Lorena Anabel Fernandez Ramsay CPA, Senior Vice President and Chief Financial Officer
Ms. Fernandez Ramsay was appointed Chief Financial Officer in April 2022, having previously served as Interim Chief Financial Officer and Treasurer since October 2021. She joined Dream Finders Homes as Treasurer and Vice President in September 2020 and held the same roles for DFH LLC since June 2018. As CFO, she is responsible for overseeing the company's accounting, finance, and treasury functions, including capital allocation, forecasting, budgeting, and compliance. Ms. Fernandez Ramsay is a Certified Public Accountant.
Doug Moran, Senior Vice President and Chief Operations Officer
Mr. Moran has served as Senior Vice President and Chief Operations Officer for Dream Finders Homes since its formation in September 2020, and for DFH LLC since January 2017. He joined Dream Finders Homes in August 2015 as the Division President in Northeast Florida, where he managed and grew the company's business in various markets. His responsibilities include sales, marketing, land acquisition and development, home construction, operations, and purchasing. Prior to his current role, he served as President at Dream Finders Homes Inc., Regional President Florida at Richmond American Homes, and Division President DC Metro at KB Home.

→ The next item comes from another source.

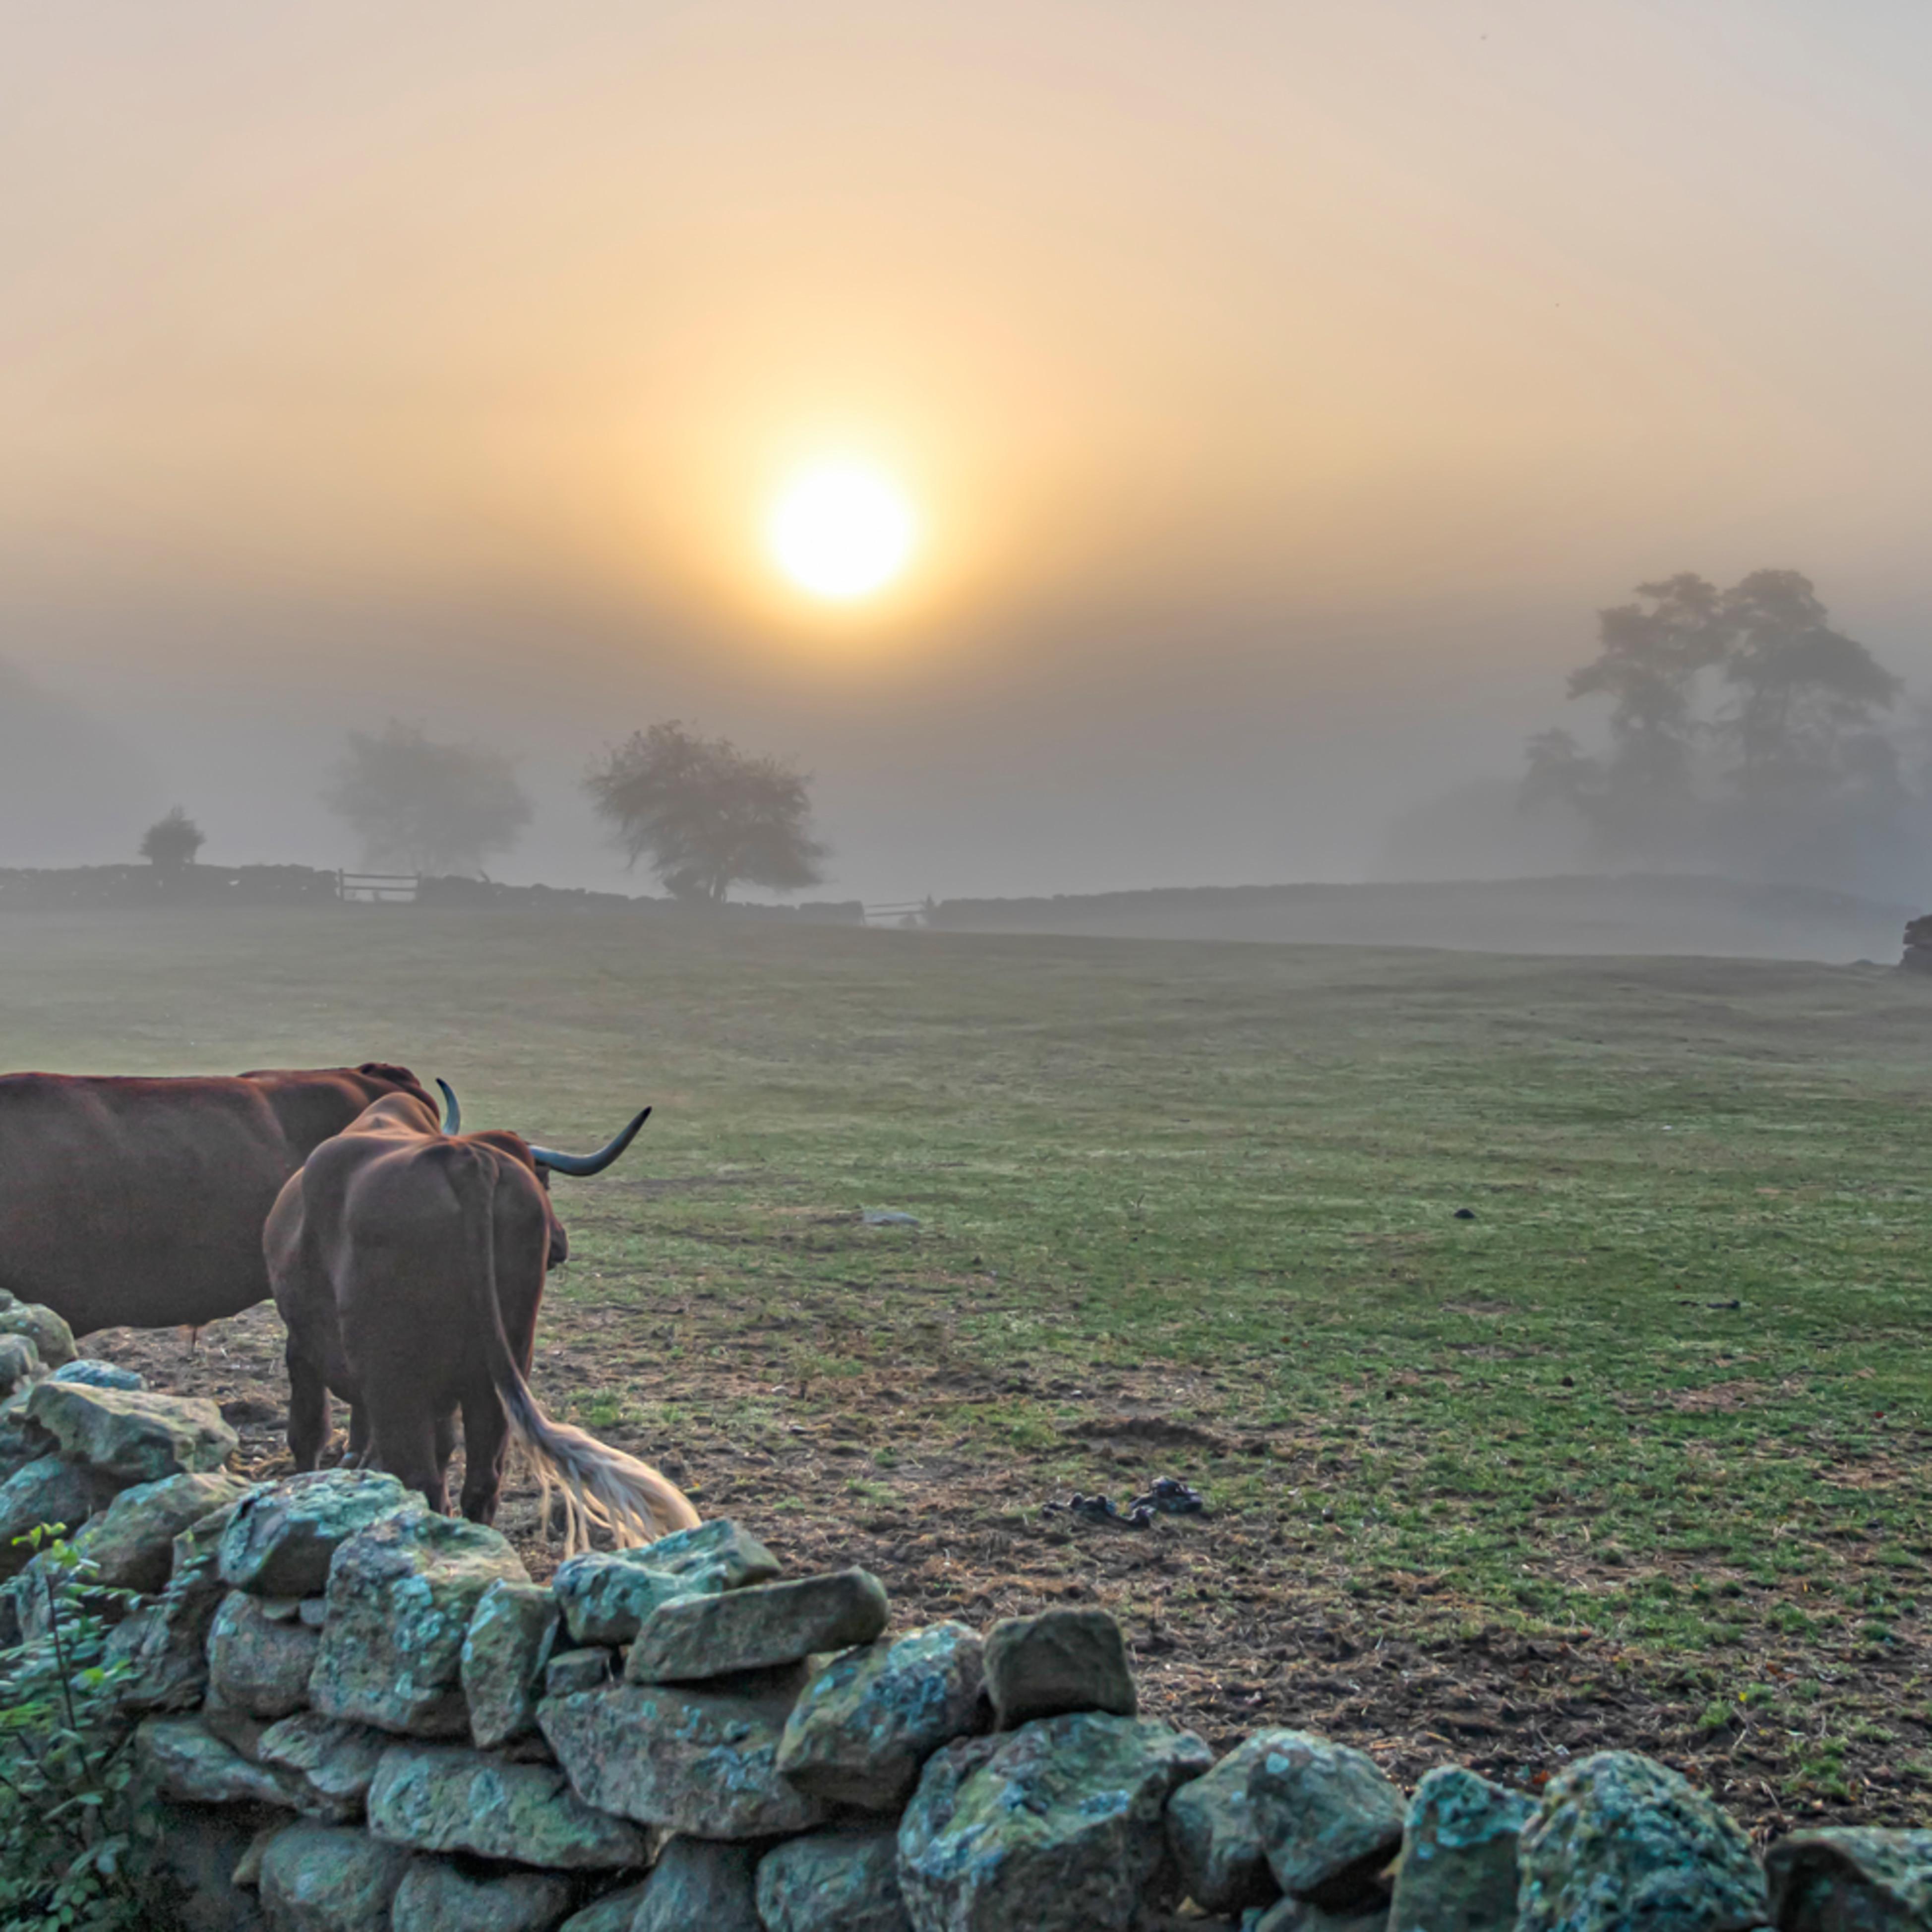 Brookside farm oxen fog yb1vwl

Robert E. Riva Jr., Esq., Vice President, General Counsel & Corporate Secretary
Mr. Riva oversees all legal affairs, regulatory compliance, and corporate governance for Dream Finders Homes. He provides critical guidance on a wide range of legal matters, including contracts, litigation, real estate transactions, and corporate compliance.
Brad Muston, Division President, Jacksonville Division
Mr. Muston is responsible for leading and managing all operational aspects of Dream Finders Homes in the Jacksonville market. He focuses on product development, sales strategies, and ensuring customer satisfaction within Northeast Florida.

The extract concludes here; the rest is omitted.